The API Plus laboratory will work to transition these novel technologies into good manufacturing processes and commercial manufacturing processes.

"The API Lab will take those novel types of developed processes that are high yielding and translate them into commercial, high-isolate-yielding processes," he illustrated.

Further, Manamela said South Africa's marginal local manufacturing of pharmaceuticals and dependence on imports comes at the cost of the health security of its citizens.

"Local manufacturing of APIs has been a priority in the country with the large-scale rollout of ARVs for the treatment of HIV and Aids, and South Africa is one of the largest procurers of ARVs worldwide," he said.

The World Health Organisation recently released new guidelines for HIV and tuberculosis (TB) treatments and a number of innovations in this area.

"We believe this has placed increased significance on the need to harness investment by private and nongovernmental organisations as a way to strengthen our scientific and technological competencies and thereby enhance our capacity to address some health challenges, including relating to HIV, TB and malaria," said Manamela.

The country's strength in API procurement and in the packaging, labelling, distribution and sale of pharmaceuticals has not translated into API manufacturing strength.

The Department of Science and Innovation national bioeconomy strategy has among its objectives the aim to strengthen local research, development and capacity to manufacture APIs, vaccines, biopharmaceutical diagnostics, prophylactics and medical devices to address the disease burden and ensure security and sustainability of supply, he said.

"The setting up of the API cluster must be viewed as implementation of the country's bioeconomy strategy and the goal of growing the South African health economy by providing locally developed and relevant APIs, diagnostics and medical devices, and to grow the manufacturing thereof.

"For API manufacturing to be viable and sustainable in the country, we need to develop world-class pharmaceutical manufacturing technology with the supporting skills so that we can produce APIs and finished medicines by local companies and for the regional export market," said Manamela.
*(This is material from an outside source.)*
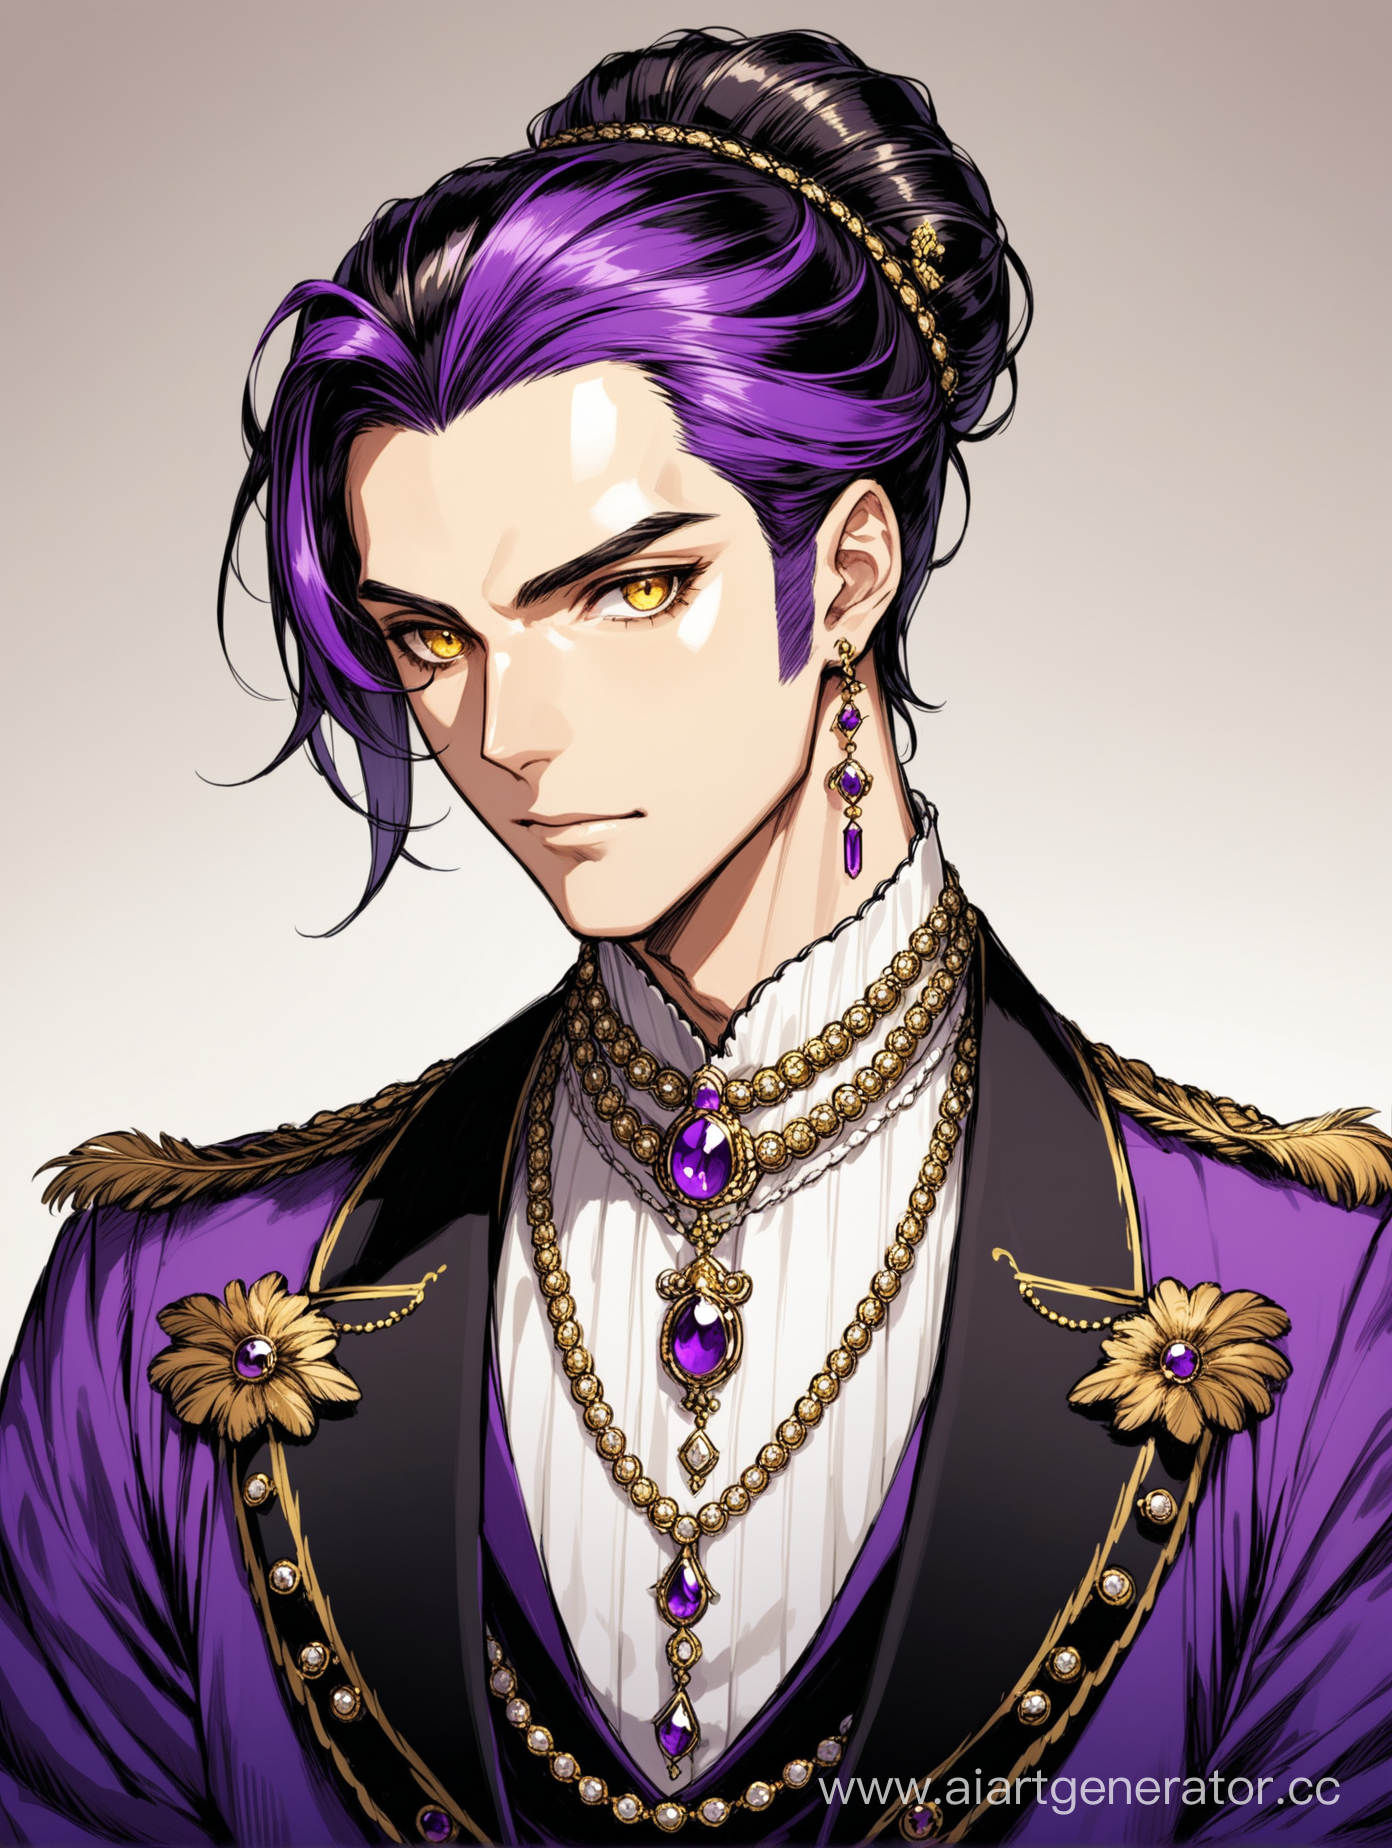 парень, золотые глаза, черно-фиолетовая палитра, перья, аристократ, много украшений, волосы собраны в прическу

For the API Technology Innovation Cluster model to be sustainable, there needs to be a much more attractive incentive basket offered to prospective investors to address key investment decision drivers, including, for example, security of offtake, skills incentives, expatriate support and capital intensive investment rebate schemes, he added.

"South Africa must pursue investment to establish local API manufacturing capability much more vigorously, as it has many direct and indirect benefits, including the growth of the industry and the direct creation of highly skilled jobs, he said.